9 thoughts on “Are you building a BI house of cards?

  1. Fabian O.

    This is one to be *red and bookmarked for future reference. I have had this same conversations several times. SSAS cubes or Tabular models as source for other cubes. There is a special place …. for people who play a part in the creation of such monstrosities.

    Liked by 1 person

    1. Jeff Weir

      Fabian: Love the comment. Reminds me of the Excel world, where I see PivotTables as a source for PivotTables. Unfortunately the users of solutions like these are more likely to end up in that ‘special place’ than the architects.

      Like

  2. Hi Matthew, Excellent blog. I just downloaded the June ver of PowerBI on my Win desktop, where I have XAMPP running with MariaDB. My Maria install was performed by the book, and it runs flawlessly. I installed the msql-connect-net-6.6.5.msi connector, and logged in from PowerBI to Maria using my normal credentials. The login was successful. Unfortunately, I then encountered this error

    and am reluctant to run mysql_upgrade, for fear of hosing my dev server (I have heard the horror stories). too bad: i have to try to use csv files, instead of a direct connection in order to check out PowerBI! I was hoping to experienced something more advanced in terms of live mapping to sql tables and views. for e.g. Still, great blog. You should have an army of followers!

    Like

  3. Thanks for the reply. I will investigate the issue with some thoroughness, and publish the fix on my blog. In the meantime, will use upload CSV test files (which I reckon is what is meant by “Data Flows)” and study your tutorials on Power Bi.

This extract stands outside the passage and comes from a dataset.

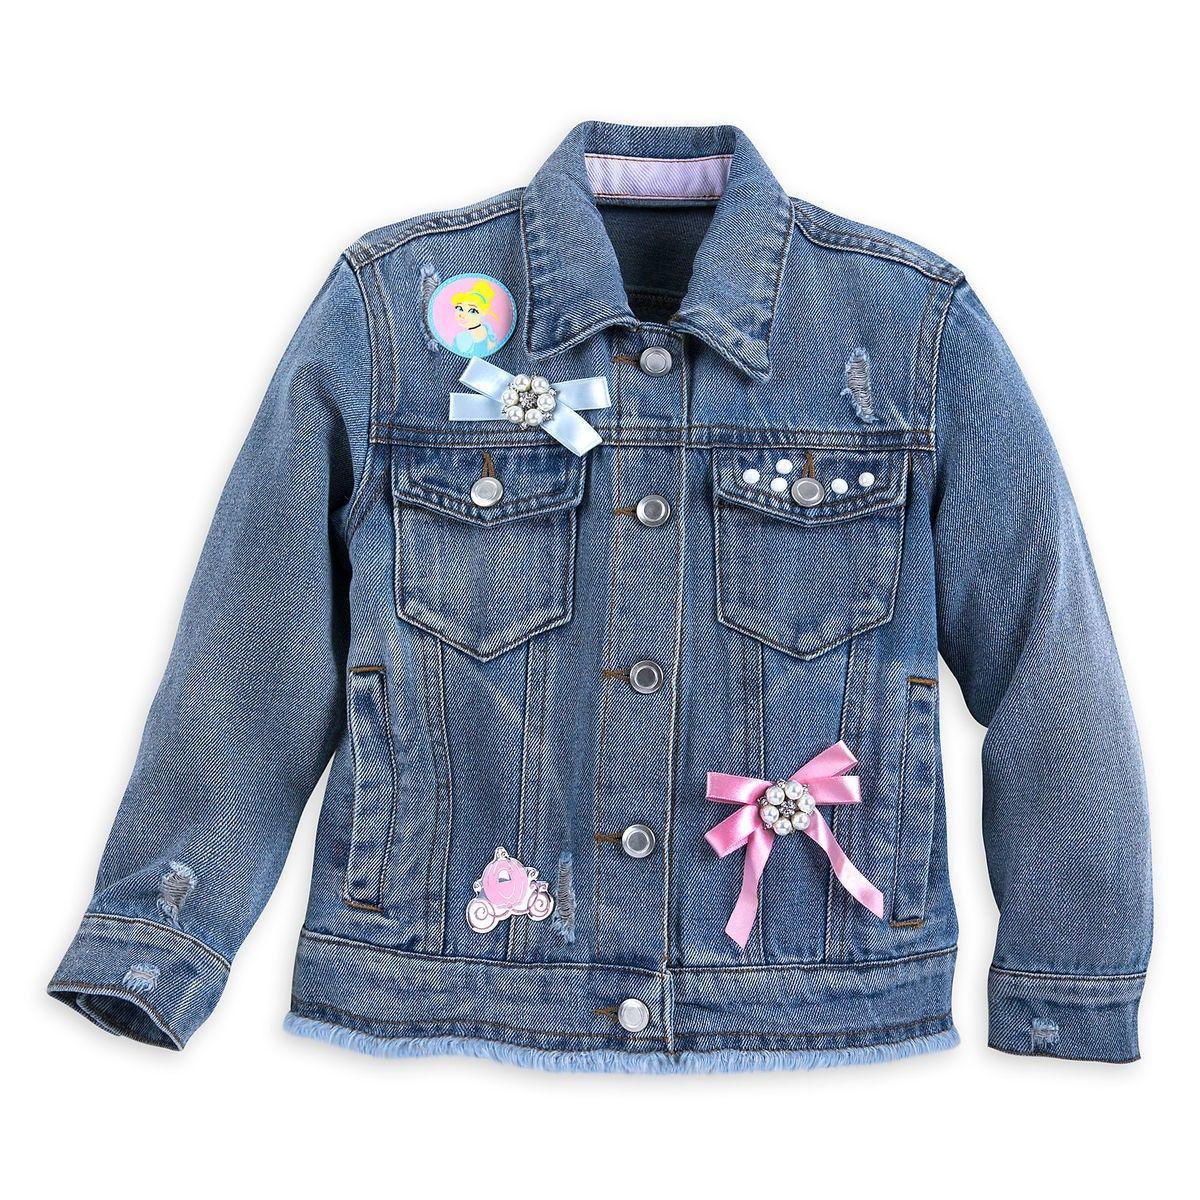 Cinderella Inspired Vintage Look Disney Princess Denim Jacket Girls Denim Jacket Denim Jacket Patches Girls Jacket [ 1200 x 1200 Pixel ]

I am particularly interested in how BI might reconcile the data semantics of heterogeneous schemas, without first requiring that all flows be fed into some a priori unified reference model.

    Like

  4. I used mysql upgrade to fix maria on xampp and BI connected to it fine after that. I will check out your dataflow tutorials in the next month, as I build my WP plugin app on the server using php/js/html/css/json. My app exports reports and CSV data files, and I am hoping that BI can offer a pretty face and further analytical functionality to my end users. From what I can tell, BI stores large data sets in the Azure cloud that it then manipulate on the desktop via BI. There is mapping required to the MS common data model or (apparently) a custom data model (my preference; I already have one and it is well suited to the problem domain). Not sure how much MS would charge Woocommerce users who might wish to store analytical data on the cloud and do interesting analysis. I could write all the needed templates for this, but if MS charges an arm and a leg, then my projected customer base (thrifty SMB merchants who run ecommerce stores via the Woocommerce platform) would most likely not use it. Plus it has to be super easy for them in term of ETL or BI would be relegated in their minds to being more of a corporate thing with dedicated data wranglers doing the heavy lifting. Either way, I will see if the BI analytics go beyond eye candy (colorful charts etc) and are actually sophisticated from a data quant perspective. I watched some of the canned presentations on YouTube by MS earlier this year re the new release of BI, and the younger MS presenters struck me as somewhat technically naive when it comes to understanding the complex challenges of large scale DSS data modeling using heterogeneous data sources. My hope is that BI is more than just Excel on steroids. with Azure replacing Access on the back end.

    Like

  5. Kevin

    I didn’t understand what you were saying until I read the article and saw the diagrams. That last diagram makes me start to twitch… and I’m probably going to have nightmares tonight.